Zu den ersten Anzeichen einer unzureichenden Nährstoffzufuhr gehören Haarausfall, brüchige Nägel, ausbleibende Menstruationszyklen, Müdigkeit oder Lethargie. In schweren Fällen kann die Besessenheit von gesunder Ernährung zu klinischen Essstörungen wie Magersucht oder Bulimie führen.

Dr. Bogár betonte, dass Essen nicht nur eine Nährstoffquelle ist, sondern auch ein soziales und kulturelles Ereignis, insbesondere während der Festtage und in den darauffolgenden Wochen. Mit Freunden zu kochen oder auswärts zu essen hat einen emotionalen Wert, der über den funktionalen Zweck hinausgeht.

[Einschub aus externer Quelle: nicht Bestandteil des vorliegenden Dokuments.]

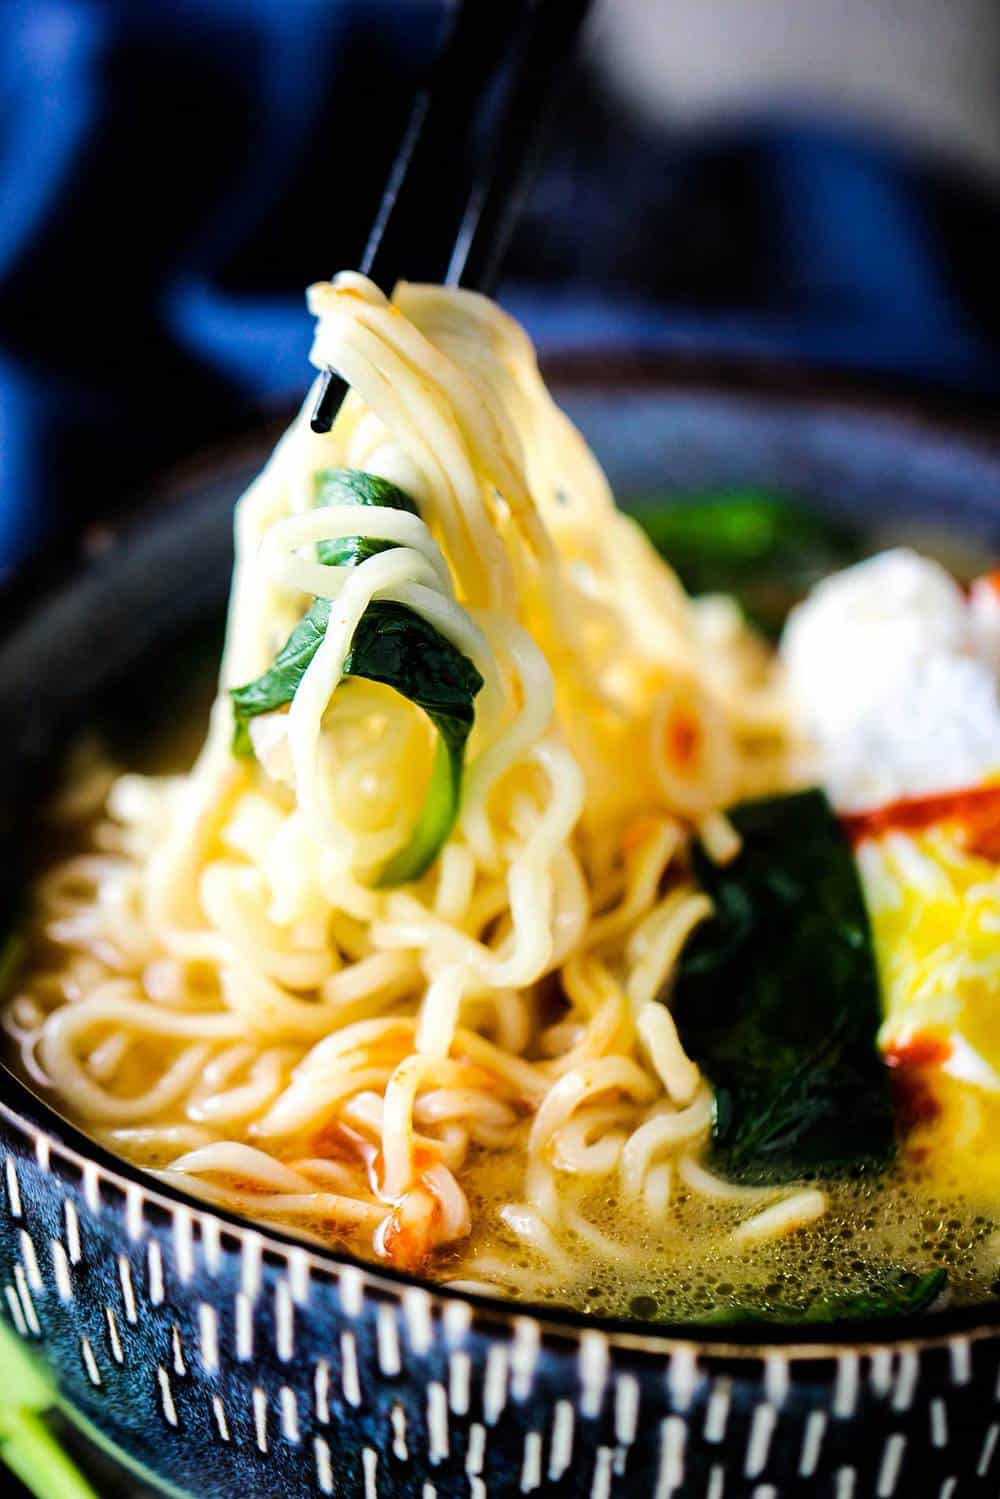 Ramen noodles being pulled out of a blue bowl of spinach ramen noodle soup with poached egg

Daher ist es wichtig, Lebensmittel nicht streng als gut oder schlecht einzustufen, und Essen sollte nicht zu einer Form der Selbstbestrafung werden.

„Streben Sie eine langfristige, ausgewogene Ernährung an, statt im Januar auf eine ultra-saubere Ernährung zu setzen. Gelegentlicher Genuss von Schokolade oder Feiertagsleckereien sollte Teil Ihrer Ernährung sein – ohne schlechtes Gewissen“ – rät der Experte.

Frühere Studien deuten darauf hin, dass Orthorexia nervosa bei Personen mit höherem Einkommen häufiger auftritt und eng mit der Nutzung von sozialen Medien verknüpft ist.